_What the task asks_: Span requested from the data below: the line with "Argentine 5000 Australes" through the line with "celtic art 2019 009", both included. Give only these lines again, exactly, and leave every picture out.

_Records supplied_:
# # #

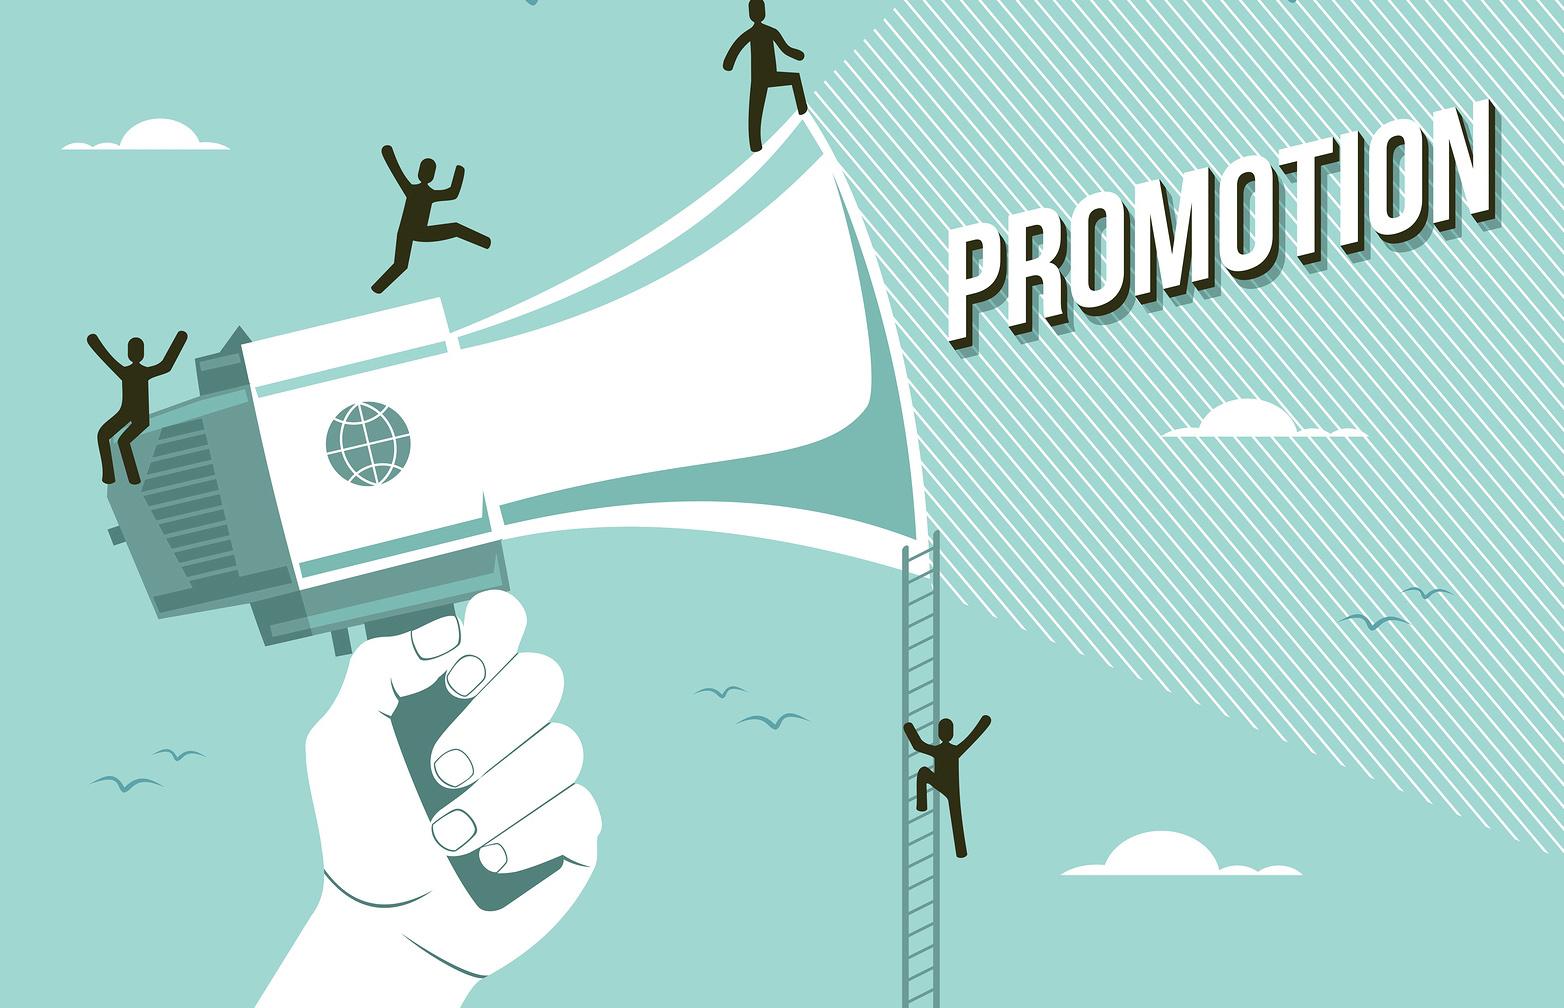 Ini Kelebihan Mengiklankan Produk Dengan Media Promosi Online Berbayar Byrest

# # #

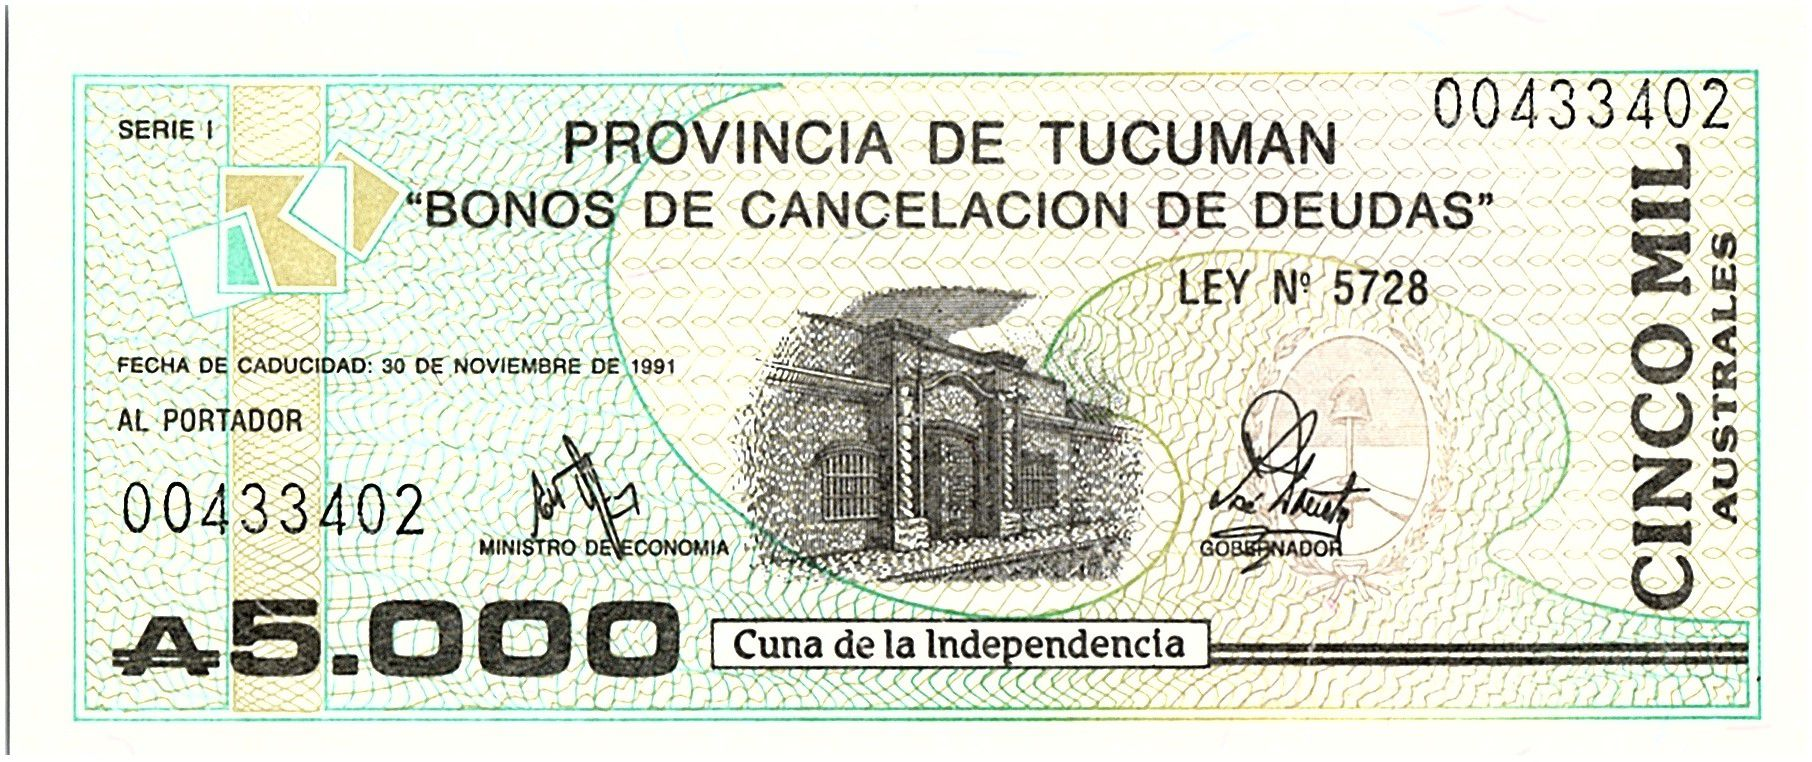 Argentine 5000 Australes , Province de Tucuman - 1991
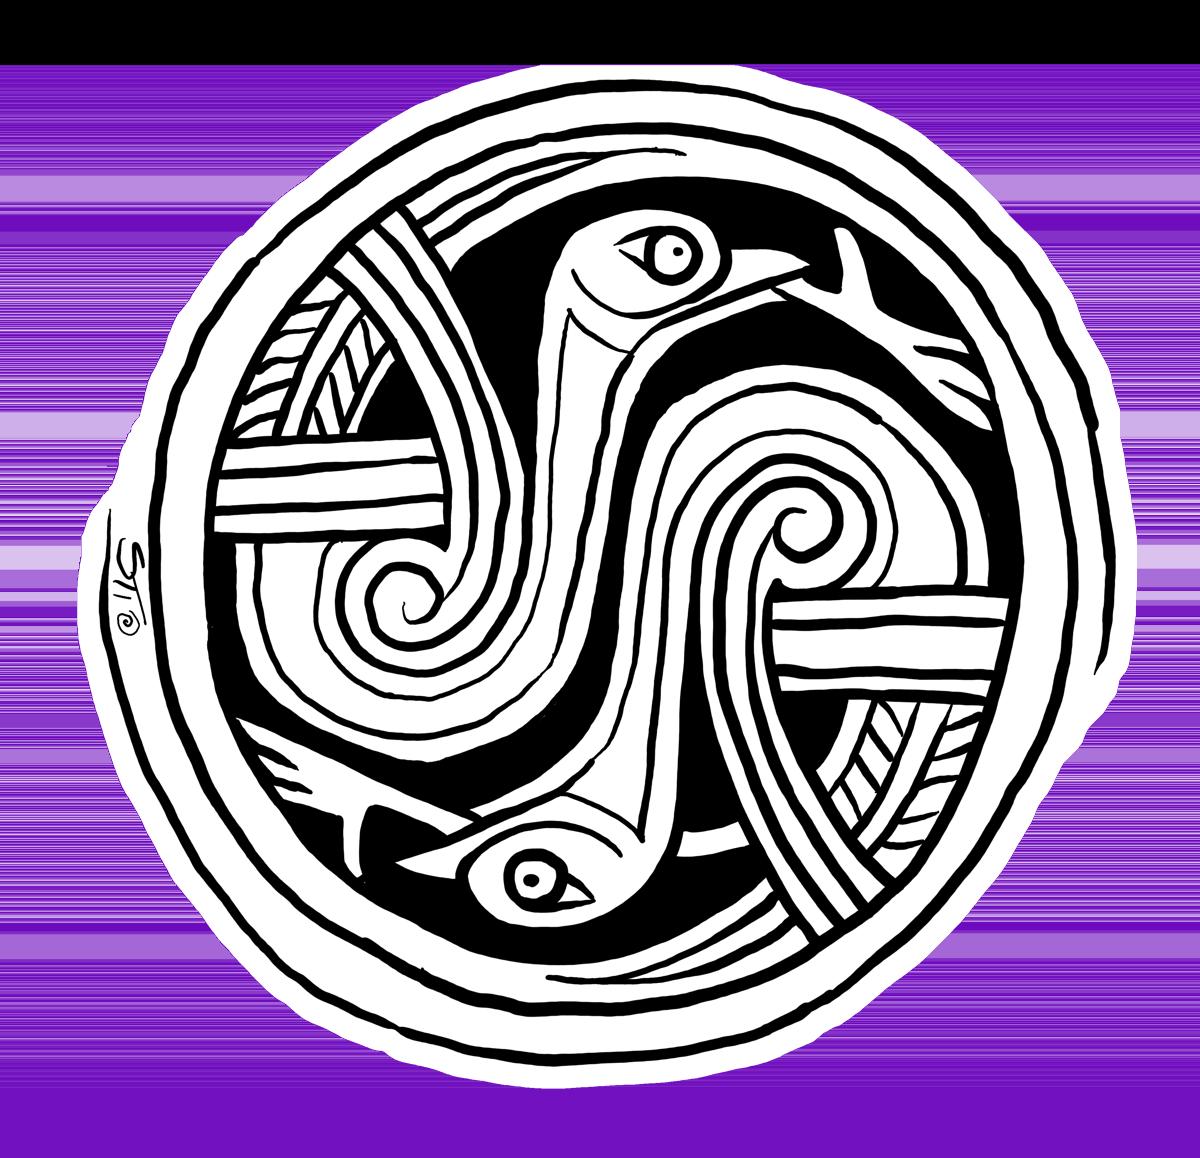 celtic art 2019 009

# # #

_Solution to this task_:
 Argentine 5000 Australes , Province de Tucuman - 1991
 celtic art 2019 009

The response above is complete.